Originally posted by shadowRRL
Assess the significance of the Manhattan Project to society.
Is there anybody out there that know this stuff...
HELP NEEDED URGENTLY!!!
this is basically me crapping on in one of my assessments, i received an alright mark for the entire assess. it's not the best, but i crapped on hard... as you can see:
1. Gather, process and analyse information to assess the significance of the Manhattan Project to society.
The Manhattan Project was the code name used for the United States effort to produce the atomic bomb during World War II. It was named after the Manhattan Engineering District of the US Army Corps of Engineers in New York, where much of the early work was done.
In 1938, German scientists discovered nuclear fission. Physicists, many of whom were refugees from Nazi persecution, raised the possibility that Nazi Germany might develop an atomic bomb. They included Hungarian physicists Szilard, Teller and Wigner Teller who was to become the father of the H-bomb.

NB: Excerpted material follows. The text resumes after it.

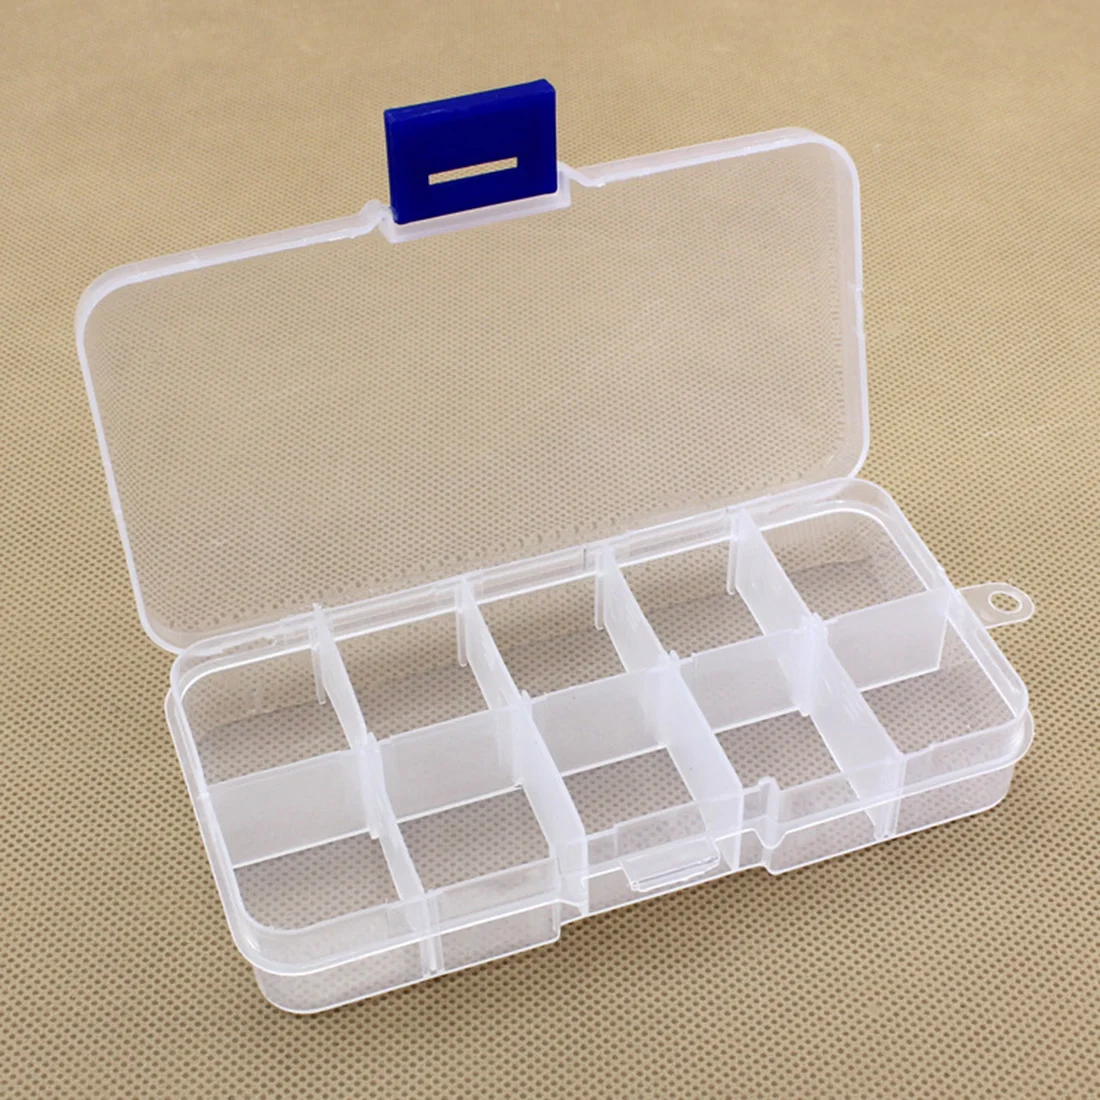 10 слотов Регулируемая прозрачная пластиковая коробка для хранения Чехол-контейнер органайзер для косметики ювелирные изделия бусины Швейные таблетки рыболовные снасти - Цвет: Синий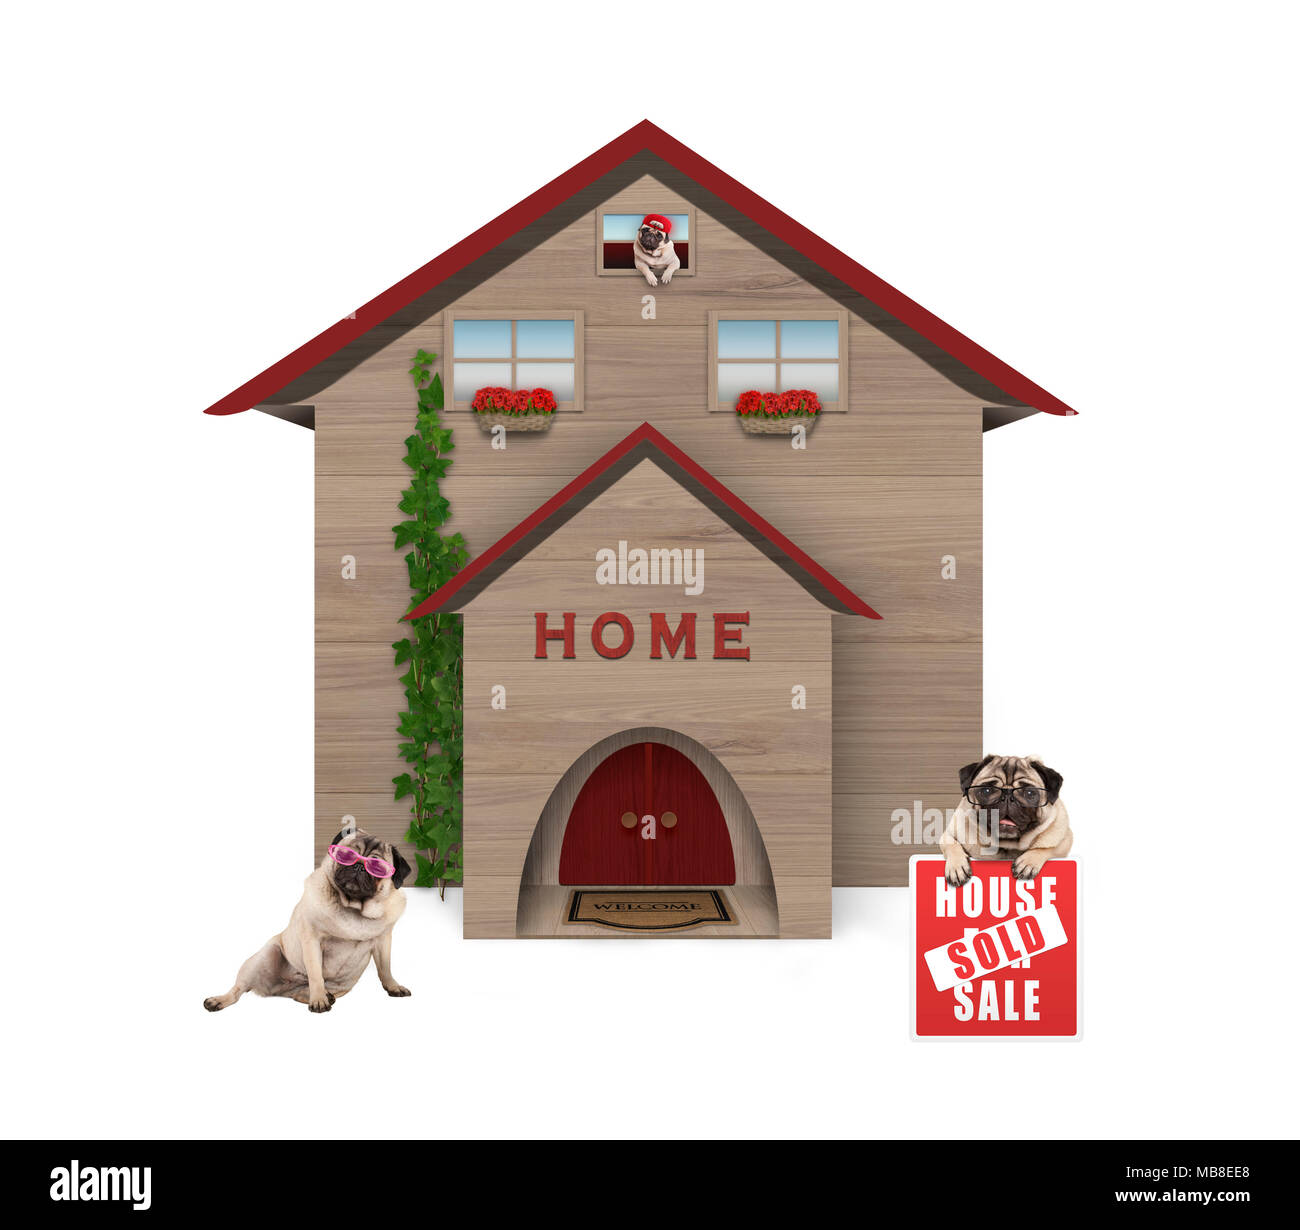 La classe moyenne moyenne famille chien pug, assis dans jardin avec maison vendue signe à nouveau la maison, isolé sur fond blanc Banque D'Images

1939 saw Szilard, Teller and Wigner convincing Albert Einstein to write a letter to the American President Franklin Roosevelt, which advocating the immediate development of an atomic bomb. Consequently, Roosevelt set up an Advisory Committee on Uranium in October of that year.
December 1941 saw the Japanese attacking Pearl Harbour, bringing America into the war. This attack had accelerated the race for the atomic bomb. The army was soon brought into the construction activities necessary for the Manhattan Project to proceed. The theoretical physicist Oppenheimer was then appointed to direct the weapons design and manufacture.
The significance of the Manhattan Project had been aided by Enrico Fermi, who had created the first chain reaction in a reactor. Four years later, bomb-grade U-235 had been produced, to be fashioned into a bomb. Other developments in Washington used Pu-239. The Pu-239 bomb was made by having a sphere of Pu-239, surrounded by explosives.
The resulting implosion would then result in a supercritical mass faster than was possible in a barrel. With the successful explosion of the first atomic bomb using Pu-239, the resultant explosion created an energy value equivalent to twenty-thousand tonnes of TNT.
At the same time, the U-235 bomb (nicknamed Little Boy) was on its way to the Pacific, to be dropped on Hiroshima. Three days later, a Pu-239 bomb was dropped on Nagasaki.
The Manhattan Project was the largest and most expensive project of the war, costing approximately US $2 billion dollars in 1945.
The Manhattan Project is considered to be an engineering feat unparalleled to that day. However, the most significant aspect of the Manhattan Project had been assurance that humankind possessed the power to destroy itself.
The Cold War and the resulting arms race had cost us the chance to eradicate disease and hunger, by focussing our attentions on the development of atomic bombs such as U-235 and Pu-239 bombs, creating energy values equivalent to twenty-thousand tonnes of TNT, destroying two cities (Hiroshima and Nagasaki), while costing $2 billion US dollars during 1945. The Manhattan Project was a success to society, its significance lies in the fact humankind has developed the power and has the capability to destroy itself and the world.